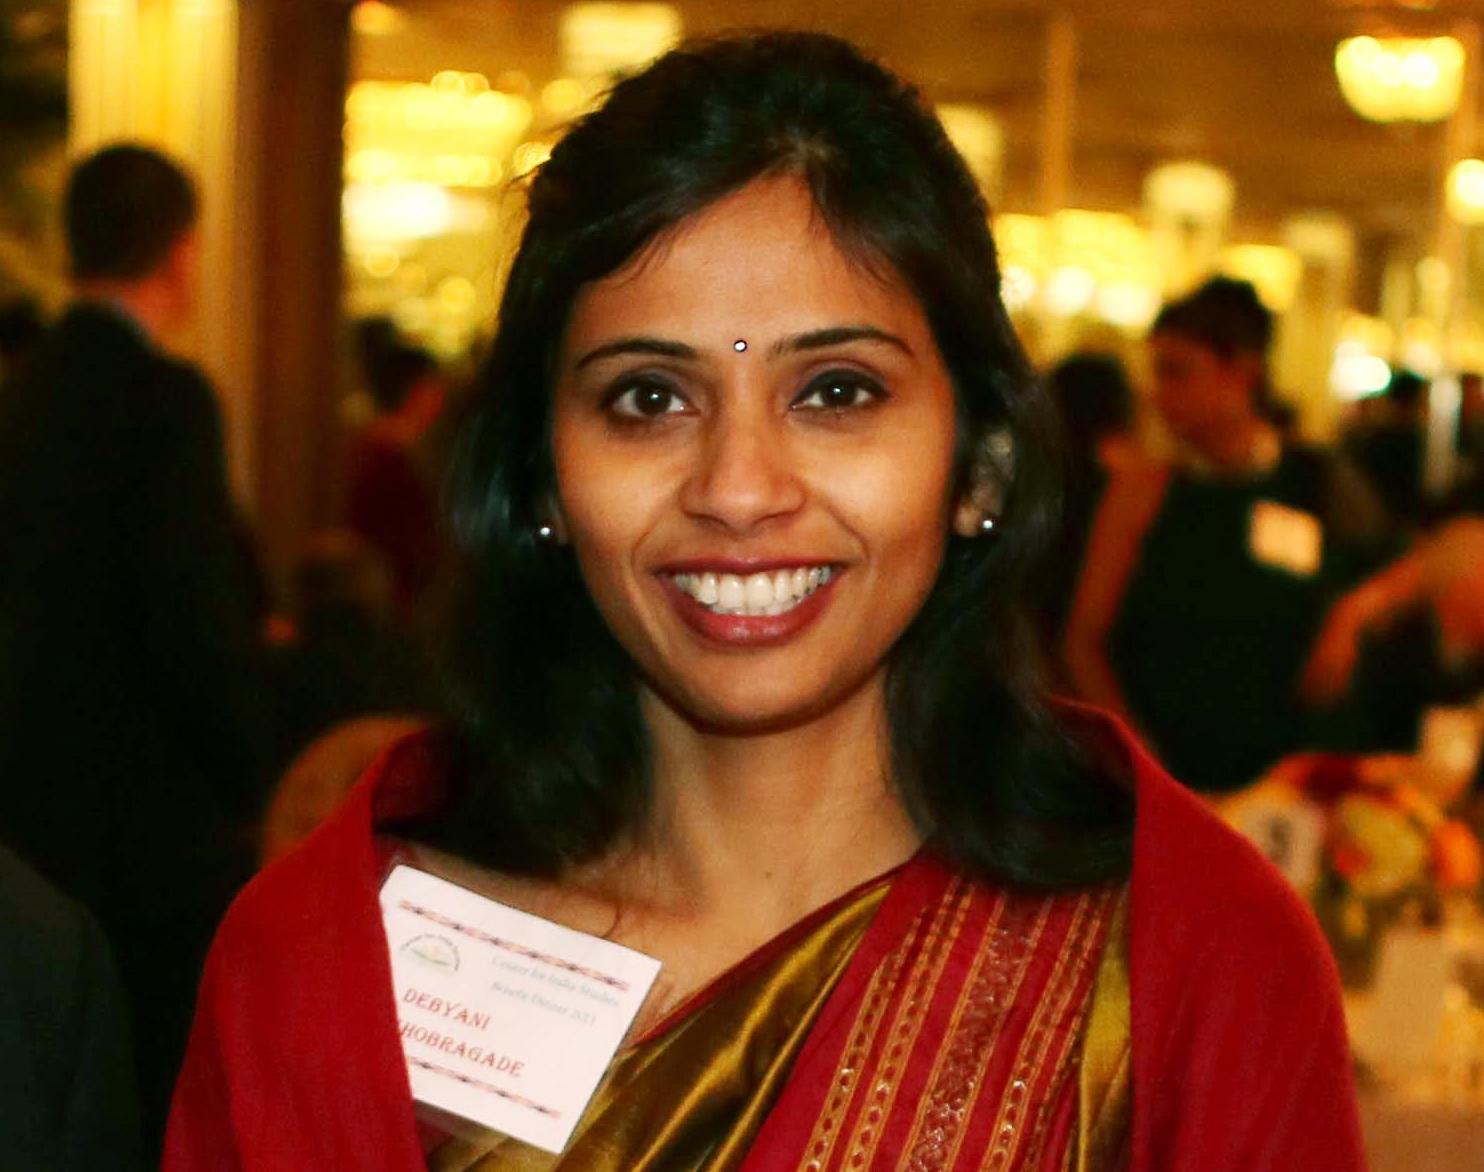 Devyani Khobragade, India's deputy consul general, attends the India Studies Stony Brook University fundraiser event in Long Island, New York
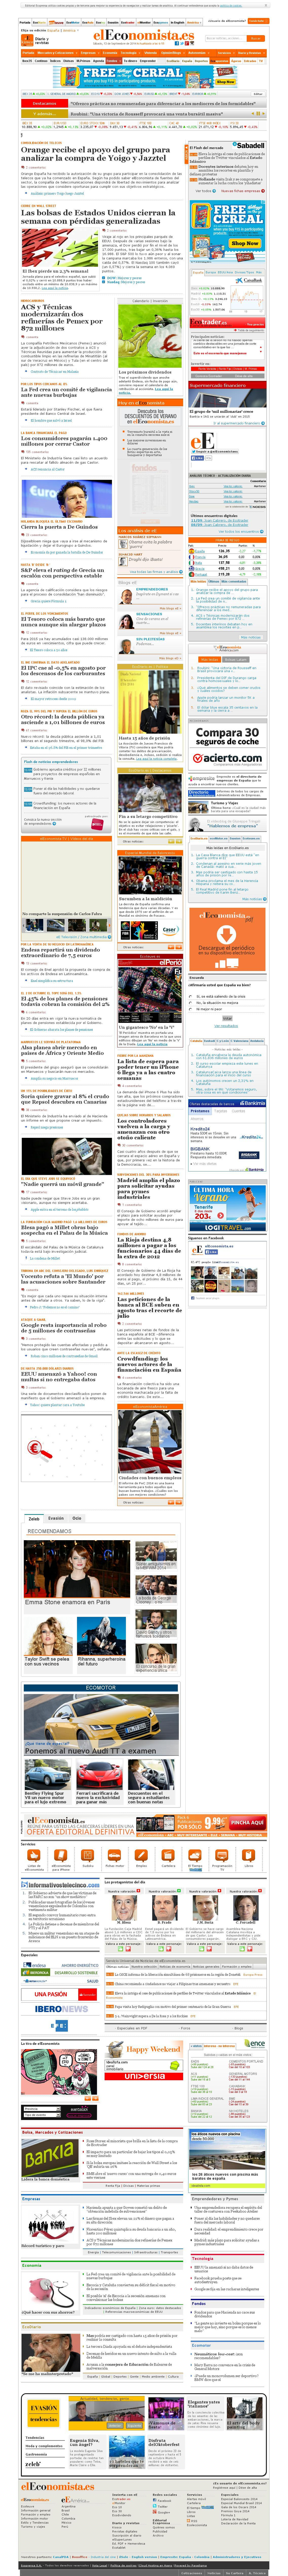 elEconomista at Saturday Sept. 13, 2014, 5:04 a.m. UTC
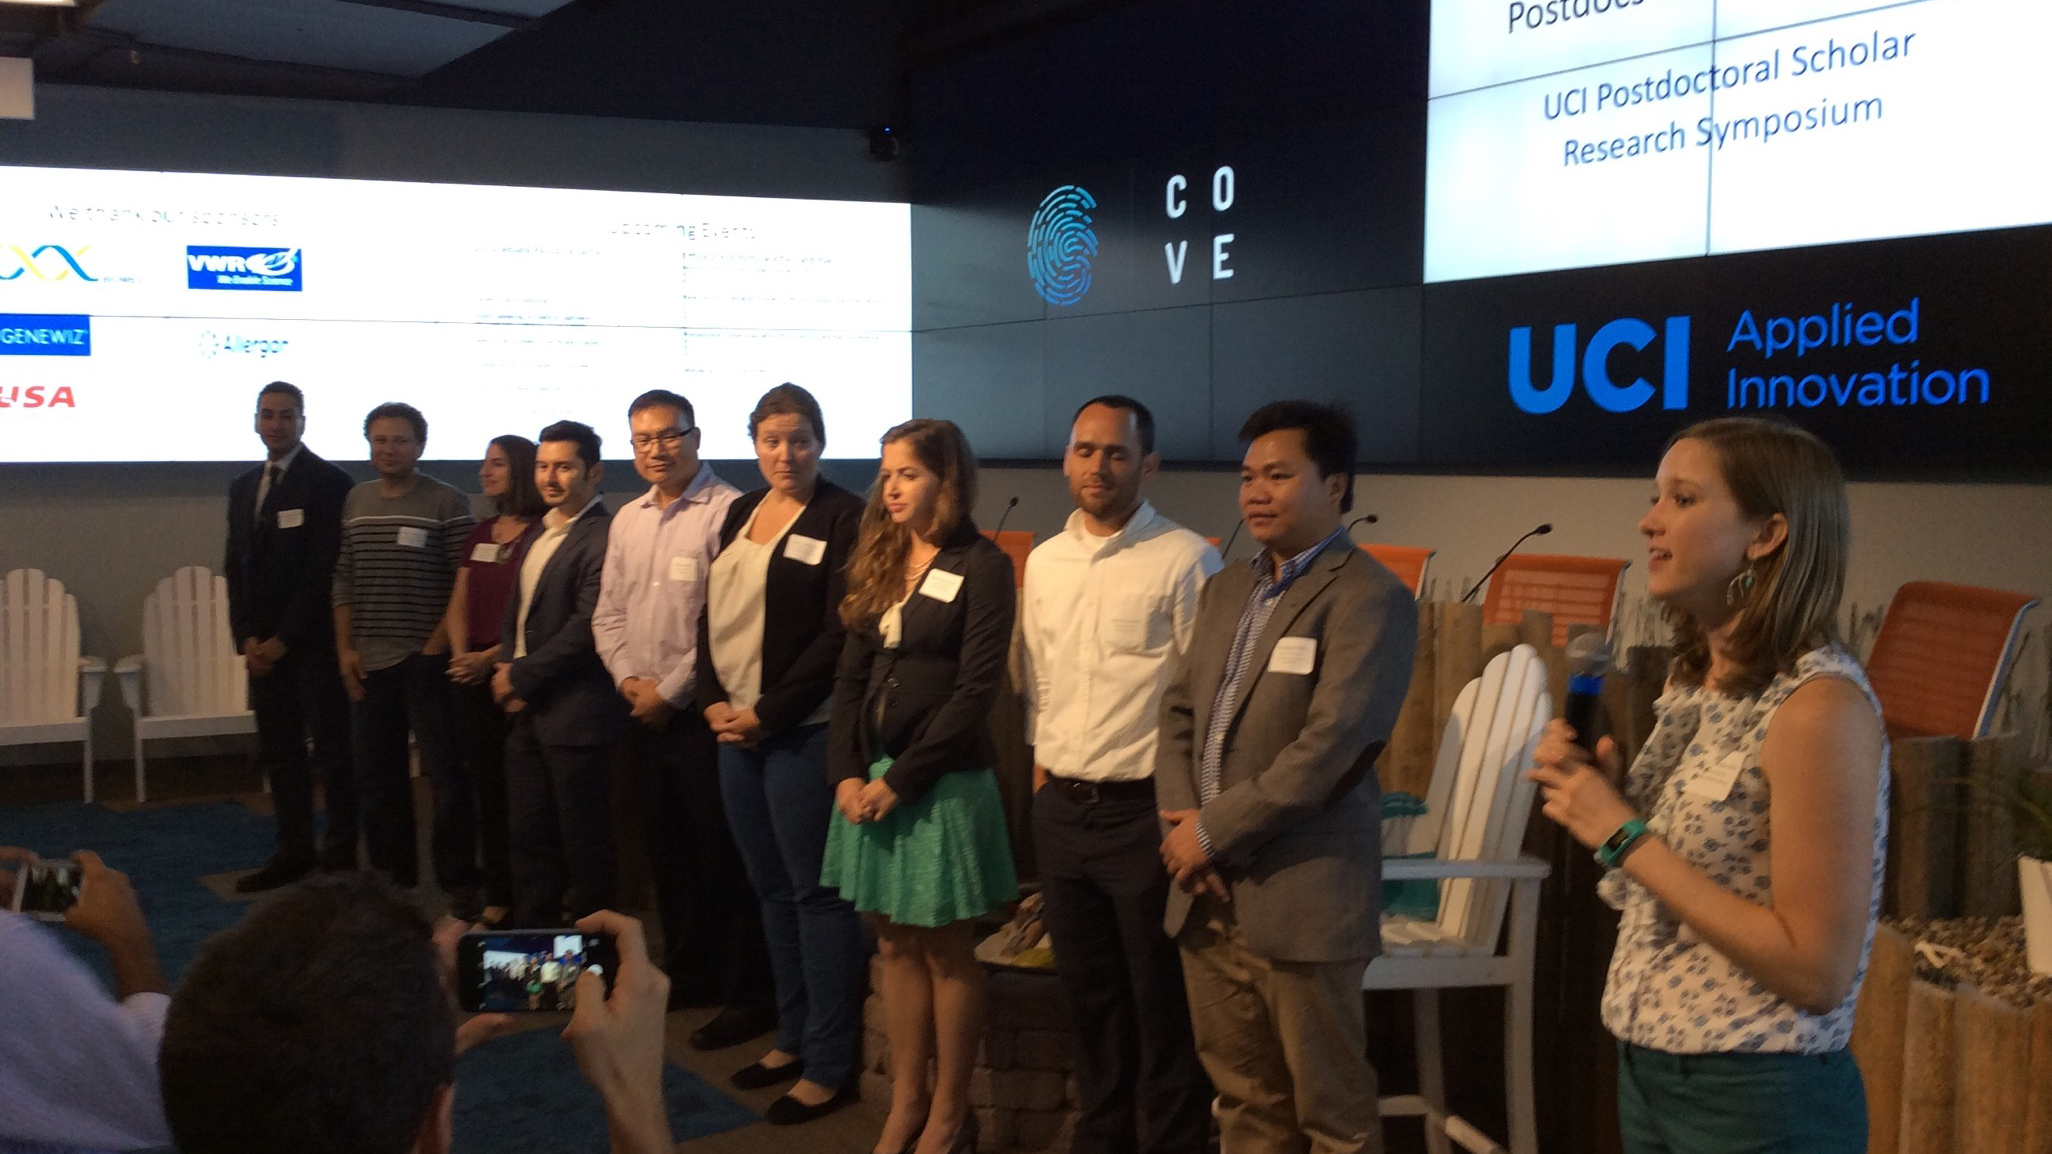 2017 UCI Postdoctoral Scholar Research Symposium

---

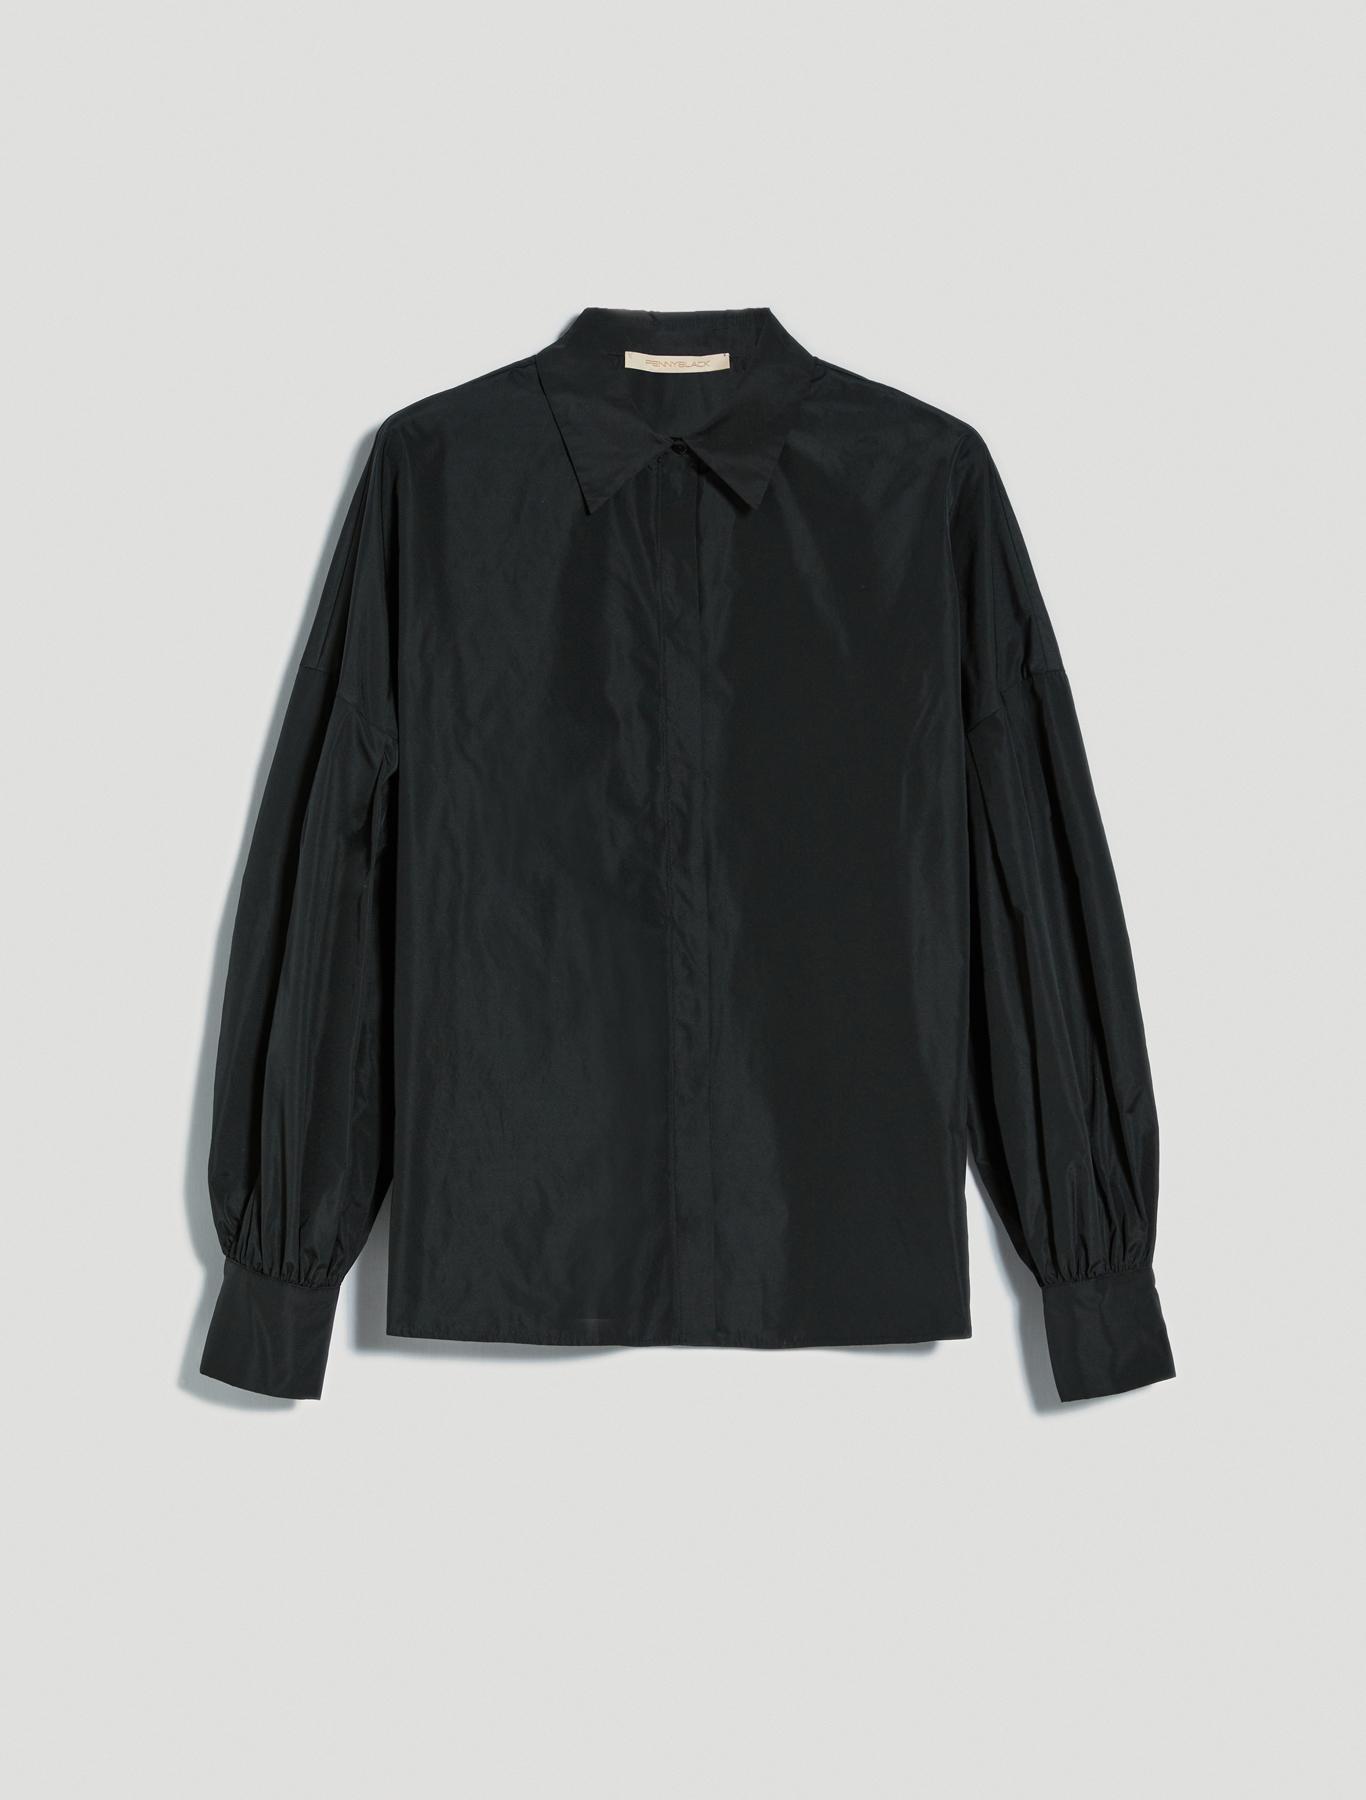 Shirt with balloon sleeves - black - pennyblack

▶ Exercise directions:
What you return from the records above should be exactly everything from the line with "Devyani Khobragade, India's" down to the line with "2017 UCI Postdoctoral", both kept, and no pictures.

▶ Your response:
 Devyani Khobragade, India's deputy consul general, attends the India Studies Stony Brook University fundraiser event in Long Island, New York
 elEconomista at Saturday Sept. 13, 2014, 5:04 a.m. UTC
 2017 UCI Postdoctoral Scholar Research Symposium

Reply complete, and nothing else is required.